Små grodorna (Swedish for "The Little Frogs") is a traditional Swedish dance and song traditionally performed at midsummer, where the participants dance around the maypole. The dance involves movements that illustrate body parts that frogs lack, namely "ears" (öron) and "tails" (svansar). Occasionally, Små grodorna is also sung at Christmas, but instead of dancing around the maypole, Swedes dance around the Christmas tree.

The melody originates from the refrain of a military march from the French Revolution, "La Chanson de l'Oignon" ("The Onion Song"), with the text "Au pas, camarade, au pas camarade / au pas, au pas, au pas!" ("In step, comrade"). The enemies of the French at the time, the British, changed the text with condescending irony to "Au pas, grenouilles!" ("In step, little frogs"). The melody is still in use in a French children's song with the original lyrics "Au pas camarades", and is also used on military occasions. It is not known how the melody ended up in Sweden, but the Swedish lyrics are clearly inspired by the English version.

== In popular culture ==
Although the song is not often performed outside Sweden, hundreds of examples of people singing and dancing "Små grodorna" have been uploaded to YouTube, and the performance groups range in size from backyard family parties to multiple thousands gathered in fields and public parks. It has also been sung by Swedish YouTuber PewDiePie during an episode of the game Prop Hunt. The actress Caroline Lagerfelt can be heard singing the song in Steven Spielberg's Minority Report. In the film Peter Stormare plays an eye doctor and Lagerfelt plays his nurse. She subsequently replaces the "ears" (öron) mentioned in the song with "eyes" (ögon). It is thought that Küçük Kurbağa, a popular Turkish nursery rhyme with similar lyrics and almost the same melody, may have its origins in this song

==Lyrics==
Traditional lyrics in Swedish:
Små grodorna, små grodorna är lustiga att se.
Små grodorna, små grodorna är lustiga att se.
Ej öron, ej öron, ej svansar hava de.
Ej öron, ej öron, ej svansar hava de.

Kou ack ack ack, kou ack ack ack,
kou ack ack ack ack kaa.
Kou ack ack ack, kou ack ack ack,
kou ack ack ack ack kaa.

English translation:
The little frogs, the little frogs are funny to observe.
The little frogs, the little frogs are funny to observe.
No ears, no ears, no tails do they possess.
No ears, no ears, no tails do they possess.

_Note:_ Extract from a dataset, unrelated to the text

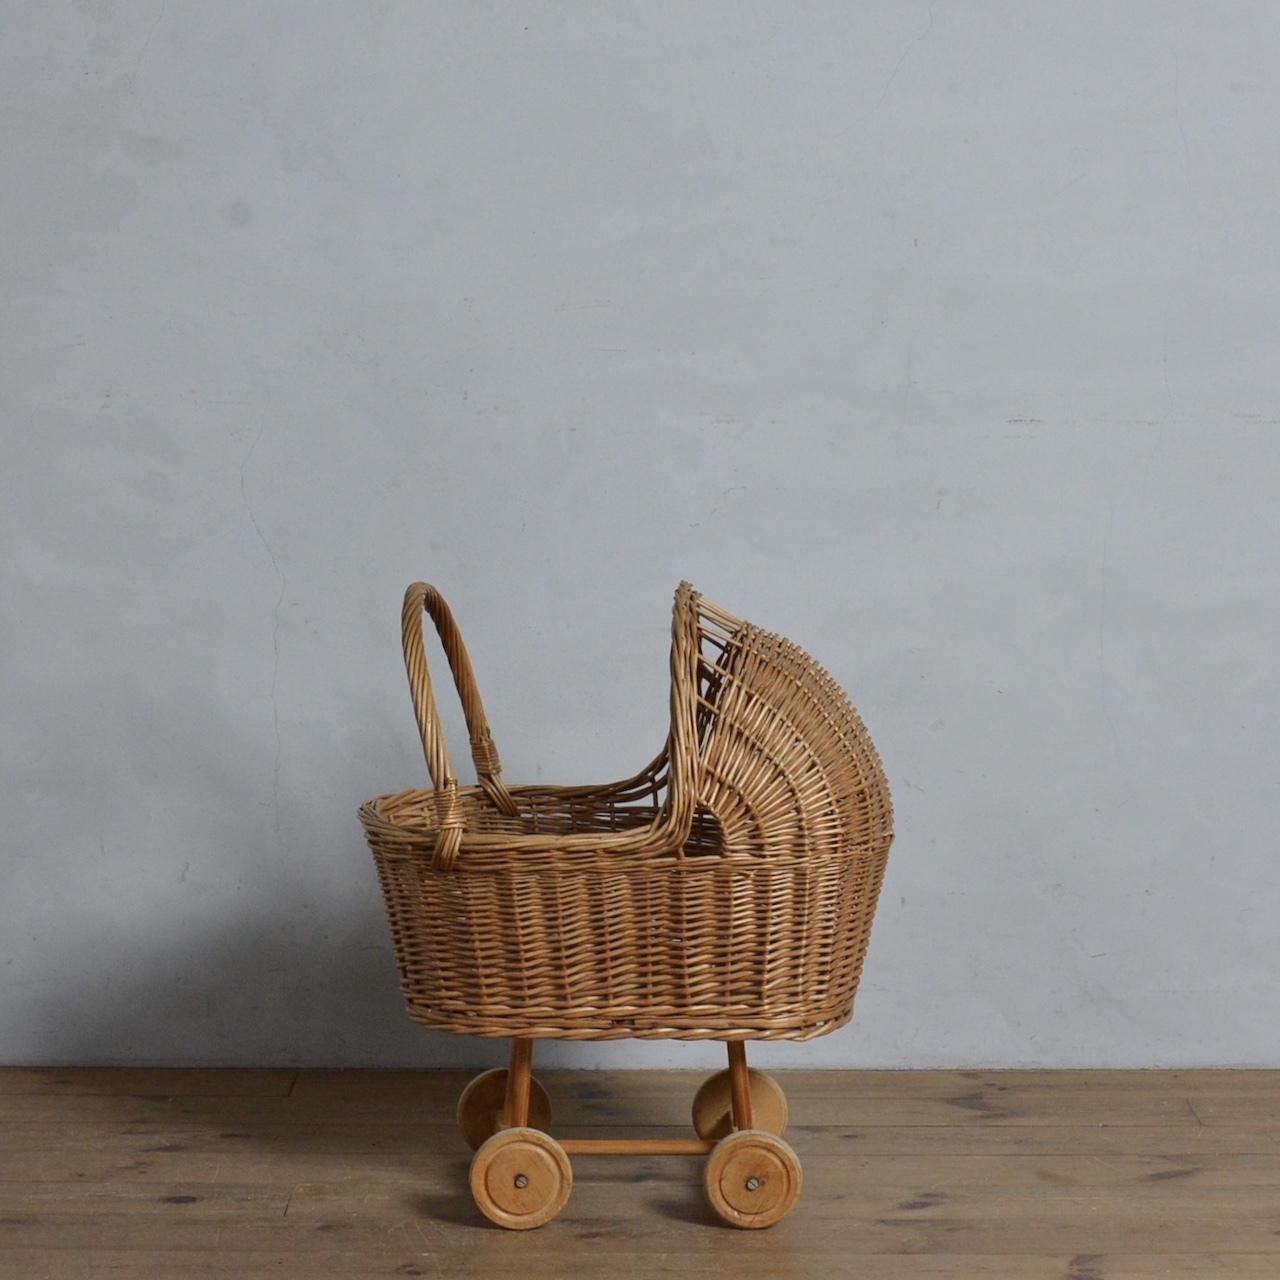 Rattan Baby Walker  / ラタン ベビー ウォーカー〈ワゴン・収納・バスケット・店舗什器〉112204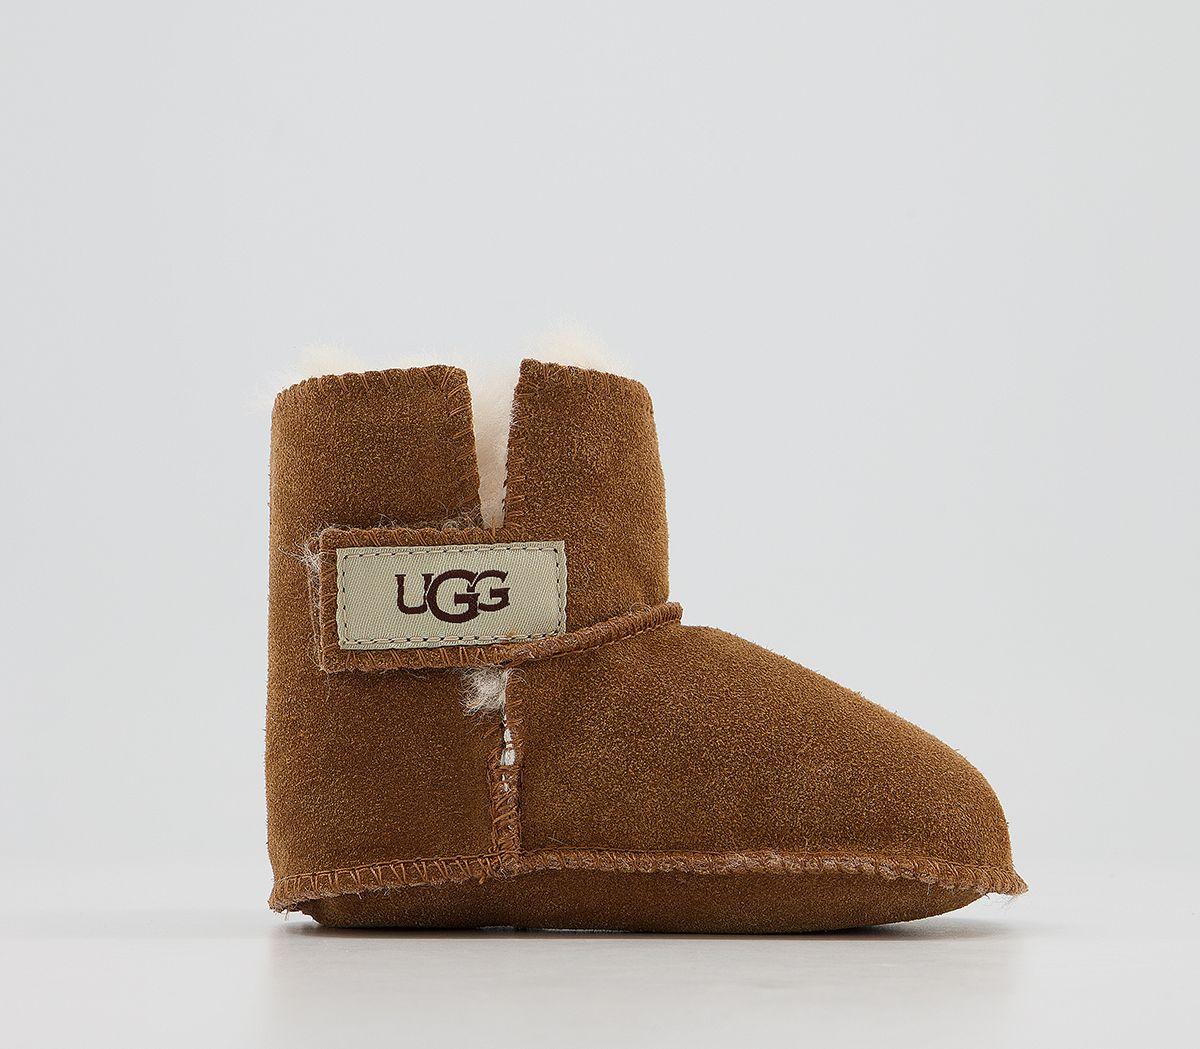 b4cfe0bf4981 UGG Erin Boots Chestnut - Unisex

Kou ack ack ack, kou ack ack ack,
kou ack ack ack ack kaa.
Kou ack ack ack, kou ack ack ack,
kou ack ack ack ack kaa.

A more literal English translation:
The small frogs, the small frogs are funny to see.
The small frogs, the small frogs are funny to see.
No ears, no ears, no tails have they.
No ears, no ears, no tails have they.

Croak croak croak, croak croak croak,
Croak croak croak croak a.
Croak croak croak, croak croak croak,
Croak croak croak croak a.

There is also a second verse featuring pigs, sung in a contrast to the first part:

Små grisarna, små grisarna är lustiga att se.
Små grisarna, små grisarna är lustiga att se.
Båd öron, båd öron, och svansar hava de.
Båd öron, båd öron, och svansar hava de.

Å nöff nöff nöff, å nöff nöff nöff,
å nöff nöff nöff nöff nöff.
Å nöff nöff nöff, å nöff nöff nöff,
å nöff nöff nöff nöff nöff.

English translation:
The little pigs, the little pigs are funny to observe.
The little pigs, the little pigs are funny to observe.
Both ears, both ears and tails do they possess.
Both ears, both ears and tails do they possess.

Oh oink oink oink, oh oink oink oink,
oh oink oink oink oink oink
Oh oink oink oink, oh oink oink oink,
oh oink oink oink oink oink

==See also==
- Midsummer in Sweden
- Jul (Sweden)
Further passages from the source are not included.